Pattern Recognition and machine learning (mode recognition and computer learning) notes (1)

Source: Internet
Author: User

by Yunduan Cui

This is my own PRML study note, which is currently in the update.

Chapter II probability distribution of probability distributions

This chapter introduces the probability distribution model to be used in the book, which is the basis of the later chapters. Known as a finite set \ (\{x_{1}, x_{2},..., x_{n}\}\), the probability distribution is used to create a model: \ (p (x) \). This problem is also known as density estimation ( density estimation ).

Main content
1. Binomial and multinomial distributions Bernoulli distribution and polynomial distribution for discrete random variables
2. Gaussian distribution Gaussian distribution for continuous random variables
3. Parameter estimation for Gaussian distribution: Frequency School/Bayesian School
4. Conjugate priori, and unification of each probability distribution
5. Parameter/No parameter method

2.1 Binary Variables binary variable
    • Bernoulli distribution (Bernoulli distribution)

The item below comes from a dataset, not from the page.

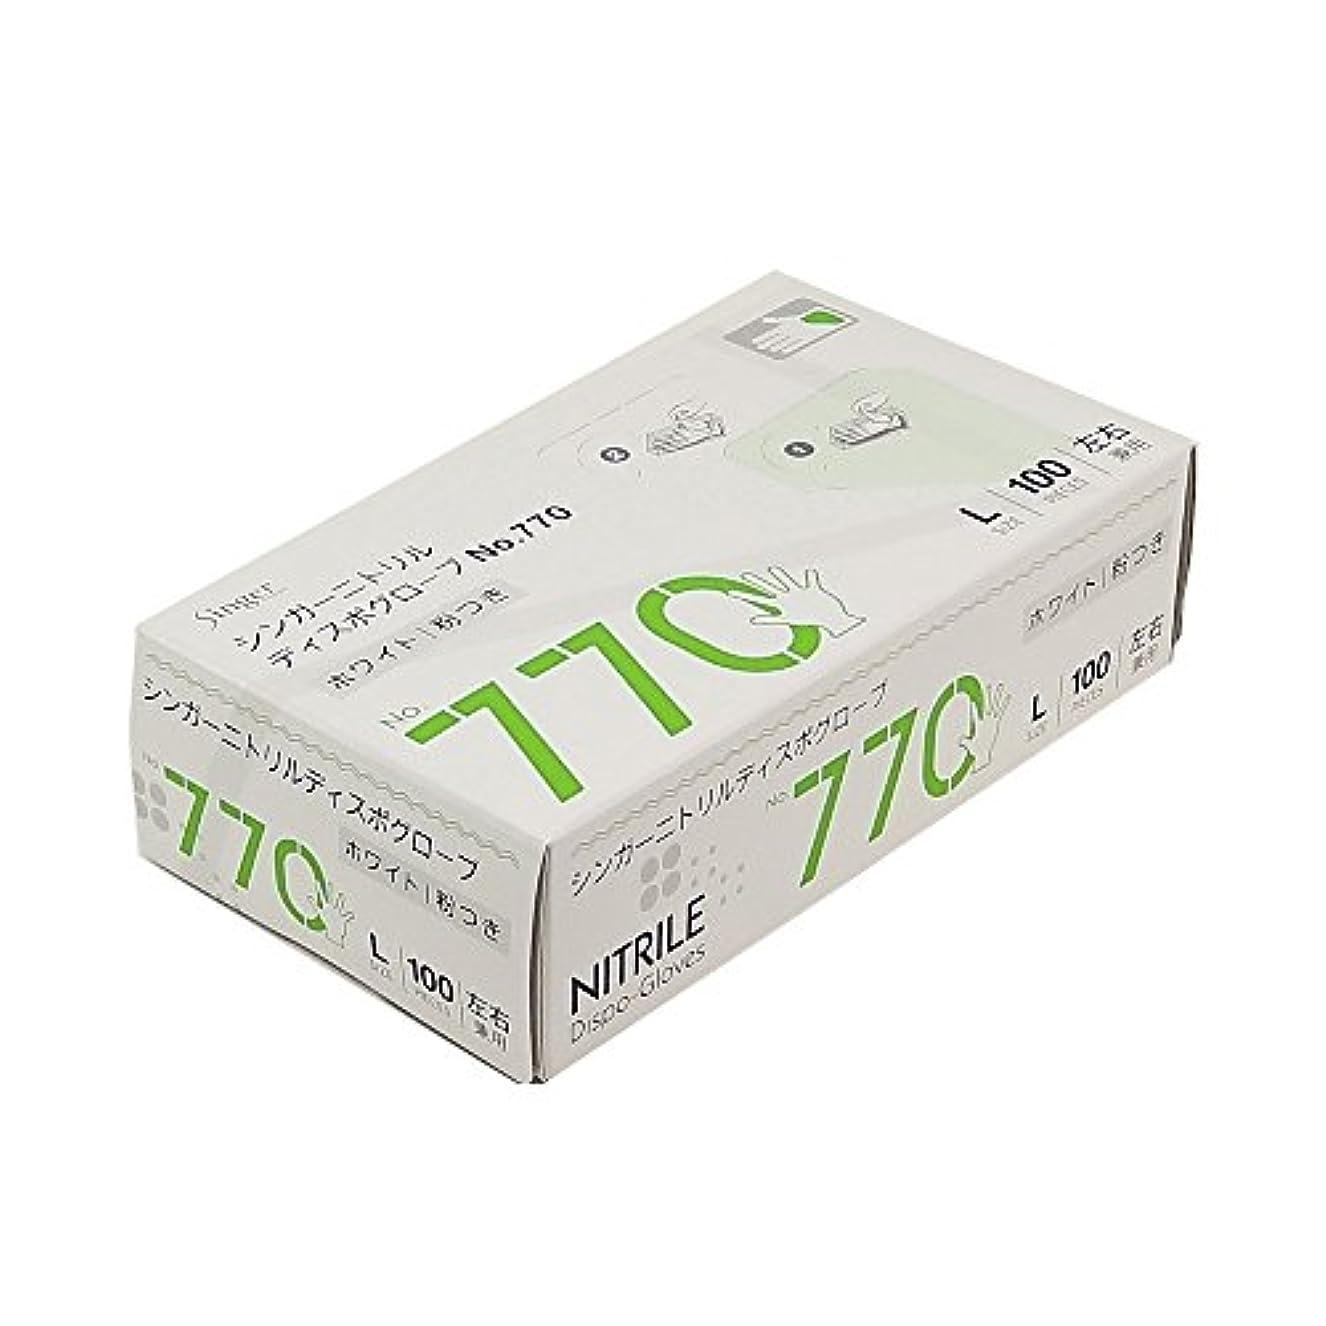 致命的属性刈る宇都宮製作 ディスポ手袋 シンガーニトリルディスポグローブ No.770 ホワイト 粉付 100枚入  L

Define binary random variables \ (x \in \{0, 1\}\), the Bernoulli distribution satisfies:

\ (Bern (X|\MU) =\mu^{x} (1-\MU) ^{1-x}\)

where \ (\mu\) is the parameter that controls the distribution, in accordance with:

\ (P (X=1|\MU) =\mu\).

The expectation and variance of the Bernoulli distribution satisfies:

\ (\mathbb{e}[x] = \mu\)
\ (Var[x] = \mu (1-\MU) \)

When there is an observation set \ (\mathcal{d}=\{x_{1}, x_{2},..., x_{n}\}\) and assuming that the observations are independent of each other, we can get a likelihood function (likelihood function) about \ (\mu\):

\ (P (\mathcal{d}|\mu) =
\displaystyle{\prod_{n=1}^{n}}p (X_{N}|\MU) =\displaystyle{\prod_{n=1}^{n}}\mu^{x_{n}} (1-\MU) ^{1-x_{n}}\)

In the case of the maximum likelihood function, this form is very inconvenient, and we calculate the logarithm of \ (P (\MATHCAL{D}|\MU) \) (The conversion is connected by adding):

\ (\ln{p (\MATHCAL{D}|\MU)}=
\displaystyle{\sum_{n=1}^{n}}\ln{p} (X_{N}|\MU) =\displaystyle{\sum_{n=1}^{n}}\{x_{n}\ln{\mu}+ (1-x_{n}) \ln{(1-\ MU)}\}\)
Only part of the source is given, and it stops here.